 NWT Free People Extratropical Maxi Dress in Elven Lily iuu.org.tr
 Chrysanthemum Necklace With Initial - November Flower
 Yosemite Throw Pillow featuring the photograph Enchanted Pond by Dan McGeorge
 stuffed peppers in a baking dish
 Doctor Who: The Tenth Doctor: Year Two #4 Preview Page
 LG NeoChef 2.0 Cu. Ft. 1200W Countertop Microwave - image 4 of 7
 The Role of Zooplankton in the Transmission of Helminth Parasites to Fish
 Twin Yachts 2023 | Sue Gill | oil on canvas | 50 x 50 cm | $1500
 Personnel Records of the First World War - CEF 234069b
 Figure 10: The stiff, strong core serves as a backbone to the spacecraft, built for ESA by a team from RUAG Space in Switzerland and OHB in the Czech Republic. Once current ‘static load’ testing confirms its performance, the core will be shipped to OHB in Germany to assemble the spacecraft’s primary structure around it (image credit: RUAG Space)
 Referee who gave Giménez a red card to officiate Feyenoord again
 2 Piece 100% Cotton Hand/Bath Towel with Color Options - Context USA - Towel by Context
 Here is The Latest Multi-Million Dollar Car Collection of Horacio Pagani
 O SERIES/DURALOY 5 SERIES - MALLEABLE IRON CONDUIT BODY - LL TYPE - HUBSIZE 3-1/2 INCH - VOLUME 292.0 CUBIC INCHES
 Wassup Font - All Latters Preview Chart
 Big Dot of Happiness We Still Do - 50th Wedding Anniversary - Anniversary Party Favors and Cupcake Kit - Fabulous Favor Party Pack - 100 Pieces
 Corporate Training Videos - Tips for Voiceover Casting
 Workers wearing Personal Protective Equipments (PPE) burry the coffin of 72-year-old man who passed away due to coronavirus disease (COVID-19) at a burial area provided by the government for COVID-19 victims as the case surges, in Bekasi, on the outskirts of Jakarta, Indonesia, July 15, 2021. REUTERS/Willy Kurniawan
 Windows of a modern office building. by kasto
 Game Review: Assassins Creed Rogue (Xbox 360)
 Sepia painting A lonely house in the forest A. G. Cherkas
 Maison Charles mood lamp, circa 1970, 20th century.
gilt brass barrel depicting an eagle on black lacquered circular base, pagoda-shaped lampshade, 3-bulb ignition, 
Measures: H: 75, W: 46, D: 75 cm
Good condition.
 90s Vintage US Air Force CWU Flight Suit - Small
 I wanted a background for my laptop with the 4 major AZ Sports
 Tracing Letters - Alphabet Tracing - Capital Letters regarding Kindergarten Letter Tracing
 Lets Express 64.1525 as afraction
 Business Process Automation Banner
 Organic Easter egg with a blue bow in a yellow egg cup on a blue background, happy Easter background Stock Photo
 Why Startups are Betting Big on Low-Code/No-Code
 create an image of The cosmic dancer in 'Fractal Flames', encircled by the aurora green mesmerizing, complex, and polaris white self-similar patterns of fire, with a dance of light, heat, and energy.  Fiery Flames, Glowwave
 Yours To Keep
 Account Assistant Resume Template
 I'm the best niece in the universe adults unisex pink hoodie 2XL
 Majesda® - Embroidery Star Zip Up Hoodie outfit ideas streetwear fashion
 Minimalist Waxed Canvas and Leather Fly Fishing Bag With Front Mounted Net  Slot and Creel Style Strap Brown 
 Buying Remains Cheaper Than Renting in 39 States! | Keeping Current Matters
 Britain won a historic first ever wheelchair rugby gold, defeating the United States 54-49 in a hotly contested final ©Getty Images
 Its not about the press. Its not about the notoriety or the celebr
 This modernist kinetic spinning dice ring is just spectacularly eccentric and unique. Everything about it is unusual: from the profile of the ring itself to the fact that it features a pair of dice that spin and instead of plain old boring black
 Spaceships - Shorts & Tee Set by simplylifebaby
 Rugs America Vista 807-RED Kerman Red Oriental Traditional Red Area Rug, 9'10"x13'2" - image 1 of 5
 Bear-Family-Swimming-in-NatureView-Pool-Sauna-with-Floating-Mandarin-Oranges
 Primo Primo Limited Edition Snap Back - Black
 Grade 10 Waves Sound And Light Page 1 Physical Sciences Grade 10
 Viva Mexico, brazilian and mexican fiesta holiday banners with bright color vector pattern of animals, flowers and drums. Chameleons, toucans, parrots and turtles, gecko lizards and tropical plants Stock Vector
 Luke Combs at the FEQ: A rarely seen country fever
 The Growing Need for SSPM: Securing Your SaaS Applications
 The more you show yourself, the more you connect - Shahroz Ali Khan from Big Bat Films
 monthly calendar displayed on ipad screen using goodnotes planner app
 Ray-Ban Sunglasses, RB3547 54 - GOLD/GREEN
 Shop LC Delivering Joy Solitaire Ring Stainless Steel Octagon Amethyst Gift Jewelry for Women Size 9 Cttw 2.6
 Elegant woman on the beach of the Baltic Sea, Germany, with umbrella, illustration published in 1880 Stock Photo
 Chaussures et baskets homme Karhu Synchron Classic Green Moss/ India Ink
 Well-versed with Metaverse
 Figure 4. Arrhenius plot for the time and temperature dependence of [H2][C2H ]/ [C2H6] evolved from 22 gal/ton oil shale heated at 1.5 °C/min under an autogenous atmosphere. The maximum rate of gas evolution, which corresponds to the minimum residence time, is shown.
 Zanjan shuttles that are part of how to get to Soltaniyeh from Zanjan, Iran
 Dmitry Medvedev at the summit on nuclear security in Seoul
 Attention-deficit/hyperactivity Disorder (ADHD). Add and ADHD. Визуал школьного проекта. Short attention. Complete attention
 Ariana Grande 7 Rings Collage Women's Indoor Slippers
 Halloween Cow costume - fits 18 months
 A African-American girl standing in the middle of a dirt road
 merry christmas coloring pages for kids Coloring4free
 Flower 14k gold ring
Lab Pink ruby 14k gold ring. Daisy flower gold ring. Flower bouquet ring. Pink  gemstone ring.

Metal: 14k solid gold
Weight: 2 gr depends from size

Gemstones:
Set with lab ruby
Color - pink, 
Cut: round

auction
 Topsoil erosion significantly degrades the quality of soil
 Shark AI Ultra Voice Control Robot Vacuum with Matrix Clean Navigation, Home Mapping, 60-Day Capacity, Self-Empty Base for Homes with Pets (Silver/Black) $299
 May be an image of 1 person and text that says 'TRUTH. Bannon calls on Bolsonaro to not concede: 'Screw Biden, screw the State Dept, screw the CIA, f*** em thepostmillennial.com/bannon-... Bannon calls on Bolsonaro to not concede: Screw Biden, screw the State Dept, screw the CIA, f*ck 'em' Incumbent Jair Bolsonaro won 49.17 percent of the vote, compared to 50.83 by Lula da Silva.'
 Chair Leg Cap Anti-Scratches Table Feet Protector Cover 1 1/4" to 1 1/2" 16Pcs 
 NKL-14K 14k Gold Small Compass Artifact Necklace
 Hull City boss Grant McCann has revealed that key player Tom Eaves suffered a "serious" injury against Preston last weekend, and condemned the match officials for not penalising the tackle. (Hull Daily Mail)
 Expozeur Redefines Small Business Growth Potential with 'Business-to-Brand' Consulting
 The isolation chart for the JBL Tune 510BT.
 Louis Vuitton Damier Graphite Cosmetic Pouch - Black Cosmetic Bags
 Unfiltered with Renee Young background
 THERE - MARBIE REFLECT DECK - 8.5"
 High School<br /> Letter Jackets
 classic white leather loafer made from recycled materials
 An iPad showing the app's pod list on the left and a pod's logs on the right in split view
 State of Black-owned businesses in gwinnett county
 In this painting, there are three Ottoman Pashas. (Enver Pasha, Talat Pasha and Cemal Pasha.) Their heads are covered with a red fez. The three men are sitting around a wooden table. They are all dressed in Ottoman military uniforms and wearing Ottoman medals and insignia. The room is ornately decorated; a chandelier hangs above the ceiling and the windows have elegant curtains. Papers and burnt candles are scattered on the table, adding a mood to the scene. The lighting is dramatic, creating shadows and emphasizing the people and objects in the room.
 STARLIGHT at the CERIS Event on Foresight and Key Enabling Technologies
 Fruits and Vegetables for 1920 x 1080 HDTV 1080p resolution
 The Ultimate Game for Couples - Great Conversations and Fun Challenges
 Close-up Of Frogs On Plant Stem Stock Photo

● ● ● ● ●

== EXERCISE AIM ==
Set down only the lines above that fall between the line holding "90s Vintage US" and the line holding "The Growing Need", inclusive, keeping each exact.

== THE ANSWER ==
 90s Vintage US Air Force CWU Flight Suit - Small
 I wanted a background for my laptop with the 4 major AZ Sports
 Tracing Letters - Alphabet Tracing - Capital Letters regarding Kindergarten Letter Tracing
 Lets Express 64.1525 as afraction
 Business Process Automation Banner
 Organic Easter egg with a blue bow in a yellow egg cup on a blue background, happy Easter background Stock Photo
 Why Startups are Betting Big on Low-Code/No-Code
 create an image of The cosmic dancer in 'Fractal Flames', encircled by the aurora green mesmerizing, complex, and polaris white self-similar patterns of fire, with a dance of light, heat, and energy.  Fiery Flames, Glowwave
 Yours To Keep
 Account Assistant Resume Template
 I'm the best niece in the universe adults unisex pink hoodie 2XL
 Majesda® - Embroidery Star Zip Up Hoodie outfit ideas streetwear fashion
 Minimalist Waxed Canvas and Leather Fly Fishing Bag With Front Mounted Net  Slot and Creel Style Strap Brown 
 Buying Remains Cheaper Than Renting in 39 States! | Keeping Current Matters
 Britain won a historic first ever wheelchair rugby gold, defeating the United States 54-49 in a hotly contested final ©Getty Images
 Its not about the press. Its not about the notoriety or the celebr
 This modernist kinetic spinning dice ring is just spectacularly eccentric and unique. Everything about it is unusual: from the profile of the ring itself to the fact that it features a pair of dice that spin and instead of plain old boring black
 Spaceships - Shorts & Tee Set by simplylifebaby
 Rugs America Vista 807-RED Kerman Red Oriental Traditional Red Area Rug, 9'10"x13'2" - image 1 of 5
 Bear-Family-Swimming-in-NatureView-Pool-Sauna-with-Floating-Mandarin-Oranges
 Primo Primo Limited Edition Snap Back - Black
 Grade 10 Waves Sound And Light Page 1 Physical Sciences Grade 10
 Viva Mexico, brazilian and mexican fiesta holiday banners with bright color vector pattern of animals, flowers and drums. Chameleons, toucans, parrots and turtles, gecko lizards and tropical plants Stock Vector
 Luke Combs at the FEQ: A rarely seen country fever
 The Growing Need for SSPM: Securing Your SaaS Applications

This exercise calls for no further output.